Silber and Smith also add a list of countries deserving “solidarity.” The scope has narrowed a little since the 29 Points. There Czechoslovakia got a mention, and the third world was told to “help build a united front against both superpowers.” Now the front against both superpowers is gone. It seems that such a united front is not “politically essential” to the Guardian.

10) Here the question of organization is raised. Guardian Clubs work to build the paper’s influence “through public forums, promoting circulation, fundraising and other activities.”

This seems innocuous. But Smith and Silber add an interesting twist. The clubs will not be democratic-centralist, but “fairly centralist” for “the first year at least.” Everyone has the right of free speech, but “some” Clubs may “possibly” be able, “in time” to write “position papers.” Fairly centralist indeed!

Marxist-Leninists can unite because they draw firm, clear ideological and political lines of demarcation. That is why they can practice democracy under centralized guidance. That is why they have iron unity of will and action, combined with great initiative and ease of mind among the cadres.

Revisionists, especially of the centrist variety, must blur the lines and go in for demagogy. This is required to smuggle bourgeois ideology disguised as “Marxism” or even “anti-revisionism” into the people’s movements. They fear exposure and criticism from the masses and the cadres. That is why they practice bureaucratic centralism and disguise it with ultra-“democratic” phrases.
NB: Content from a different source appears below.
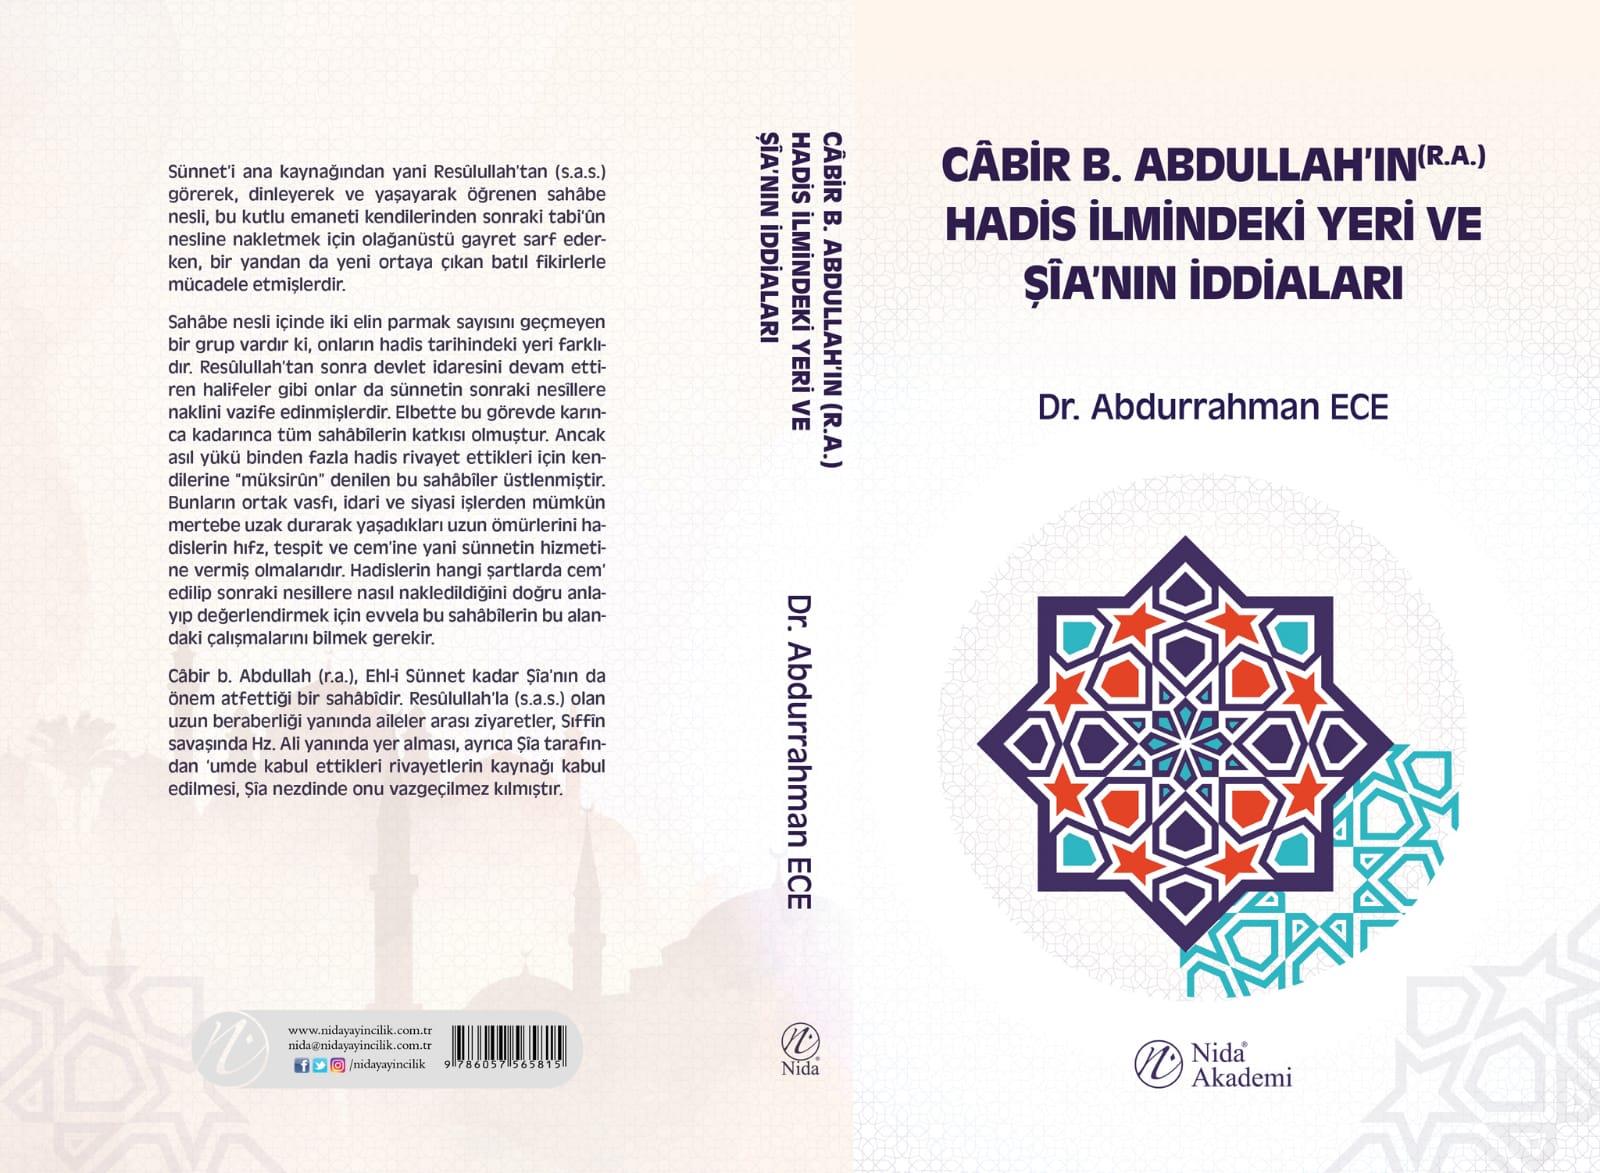 Dr. Öğr. Üyesi Abdurrahman ECE hocamızın “Câbir b. Abdullah’ın Hadis İlmindeki Yeri ve Şia’nın İddiaları” adlı kitabı çıktı.

This is one reason the Guardian will never build a genuine party. It may well get an organization with such a name, but it will actually be a Menshevik federation of local circles, with each competing to be the “national” circle. The “10 Points” represent the Guardian’s bid for the job.

To conclude: some Guardian supporters have complained about the name “clubs” as being “too tame.” We have a suggestion. How about “swamps” or “bogs”? It gives a much better description of the Guardian’s actual relationship to the overall morass of modern revisionism.